REQUIRED WORK: Exactly the line that contains "Vilnius, Lituanie. Les" and the lines following it to the end of the data are to be reproduced, and nothing more.
⟨
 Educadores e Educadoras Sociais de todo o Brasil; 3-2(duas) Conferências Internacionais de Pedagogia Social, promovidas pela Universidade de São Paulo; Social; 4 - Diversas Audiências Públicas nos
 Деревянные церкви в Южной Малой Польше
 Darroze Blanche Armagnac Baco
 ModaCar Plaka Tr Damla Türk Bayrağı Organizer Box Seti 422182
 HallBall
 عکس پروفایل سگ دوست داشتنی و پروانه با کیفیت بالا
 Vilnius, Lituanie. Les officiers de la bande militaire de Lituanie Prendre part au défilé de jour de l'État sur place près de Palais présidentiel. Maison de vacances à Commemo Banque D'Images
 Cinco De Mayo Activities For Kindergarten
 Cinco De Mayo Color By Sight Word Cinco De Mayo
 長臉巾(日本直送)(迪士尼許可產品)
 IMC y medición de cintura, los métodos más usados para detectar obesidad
⟩
RESULT OF THE EXERCISE:
 Vilnius, Lituanie. Les officiers de la bande militaire de Lituanie Prendre part au défilé de jour de l'État sur place près de Palais présidentiel. Maison de vacances à Commemo Banque D'Images
 Cinco De Mayo Activities For Kindergarten
 Cinco De Mayo Color By Sight Word Cinco De Mayo
 長臉巾(日本直送)(迪士尼許可產品)
 IMC y medición de cintura, los métodos más usados para detectar obesidad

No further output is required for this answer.